The story explores the soon-to-be intertwined lives of brothers Sher and Ali, in mountainous rural Pakistan, and friends Adam and Omar, privileged kids in Karachi. The 2001 terrorist attacks in the United States spark change in all of their lives. Sher and Ali’s family struggles to make ends meet as their region slides into economic decline. A mysterious, bearded stranger and roving bands of armed men rumored to be Taliban fighters threaten to bring political instability and personal hardship to all of them. Meanwhile, in the city, Adam and Omar try to retain a semblance of normalcy while their parents, teachers, and neighbors are consumed by the news and debate about terrorism, the Taliban, and Islamic fundamentalism.
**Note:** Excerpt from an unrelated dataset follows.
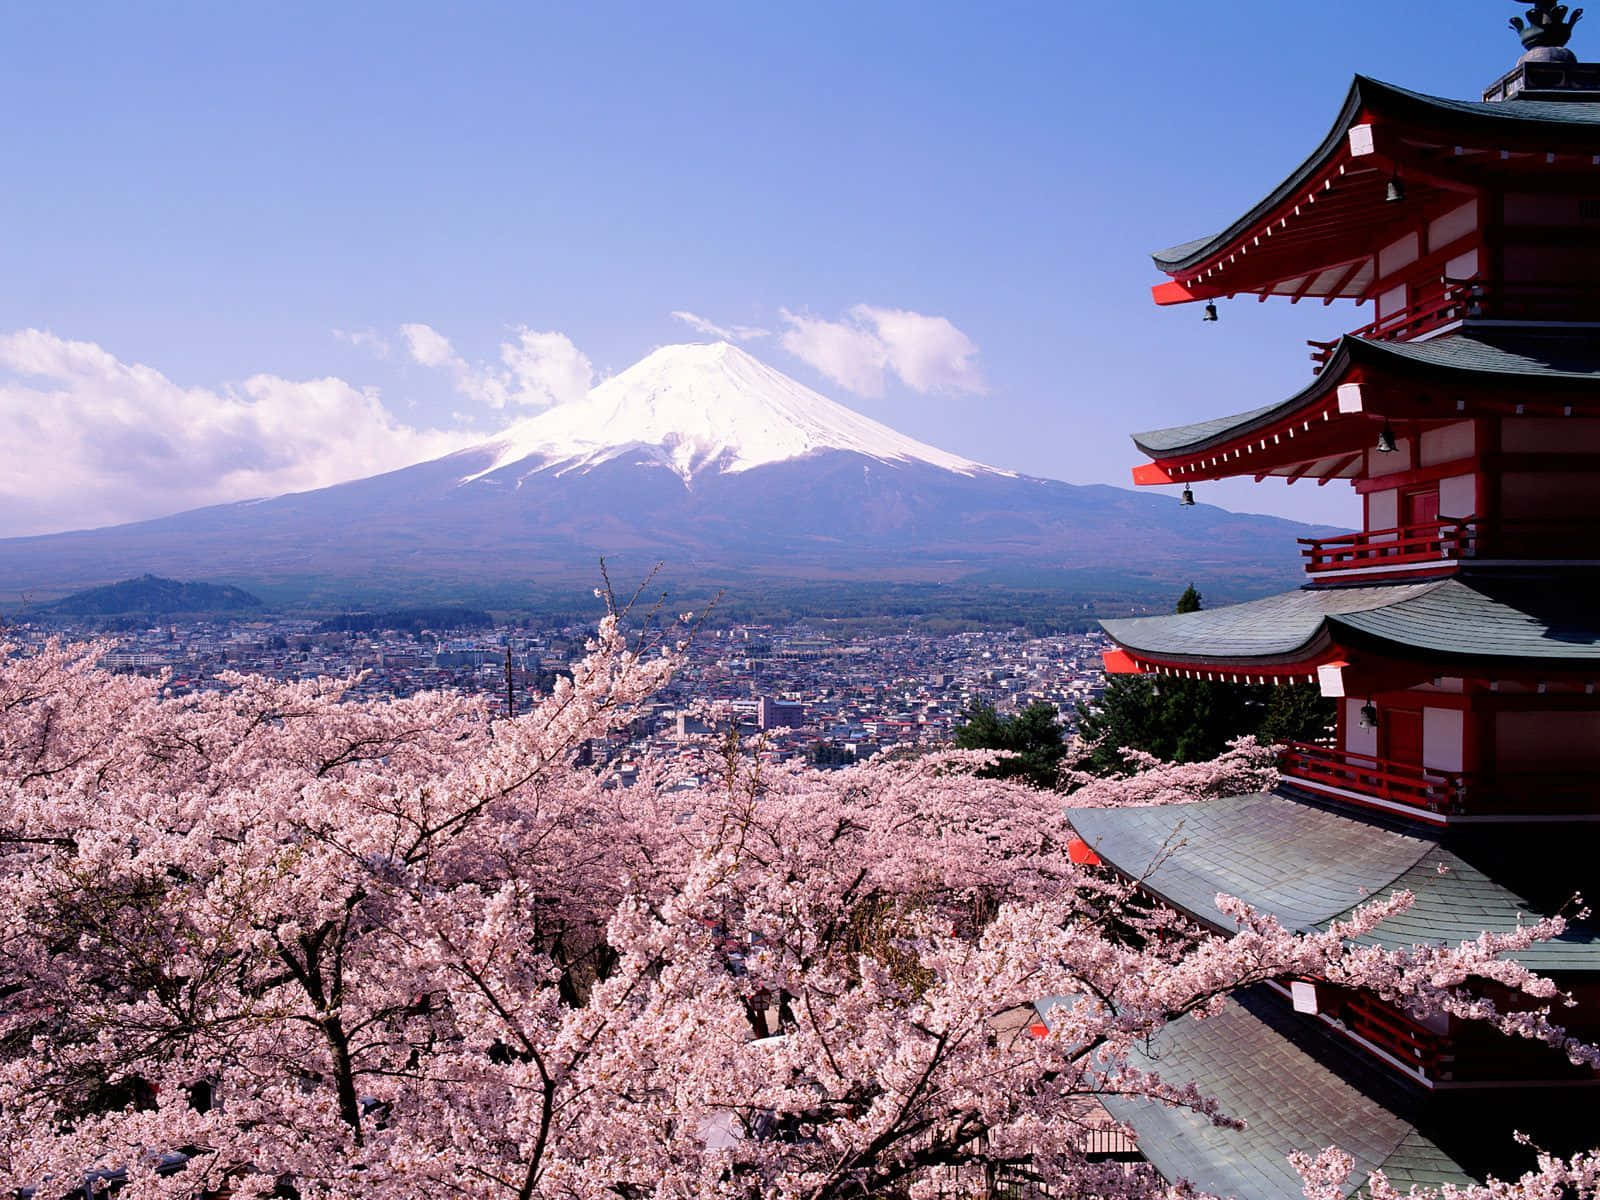 Fondode Pantalla De Primavera Con La Pagoda Fuji Y Las Flores De Cerezo.

As violence in the region ramps up, the boys are expelled from their bubble of comfort to face a terrifying challenge involving Taliban insurgents.
What’s most striking about the book is the familiarity of the boys’ day-to-day experience, even for a reader whose life circumstances couldn’t be more different. They are distracted by thoughts of sports tryouts and pretty girls. They navigate their pending transition to adulthood with a recognizable mixture of optimism and frustration, wanting protection while feeling hypersensitive to being treated like the children they no longer feel they are.
The boys’ relatability makes the dramatic and violent events that unfold around them all the more poignant, and readers gain the realization alongside Adam that “there could be no more fooling himself into thinking that bad things happened only to other people.” Adam’s struggle to make sense of the contrast between his affluent upbringing and the violence and political upheaval that touch everyone he knows feels very natural, not contrived to make a point, as does Sher’s emergence as his brother’s—and ultimately the other boys’—keeper.
With the inclusion of so many finely wrought details about daily life, the novel acts as a window into another part of the world, adding much-needed context to lives that could very well parallel those featured in blood-soaked headlines. We can smell Sher’s mother’s sweet tea and see the glint off of Omar’s swimming trophy, and in doing so we are confronted with the humanity of those involved (especially inadvertently) in conflicts around the world. The novel excels especially at highlighting everyday moments of resistance to terrorism, violence, and extremism, practiced one brave act at a time, that mainstream journalism ignores but that fiction persists in exposing. The Bubble Kids is a completely engrossing and refreshing read.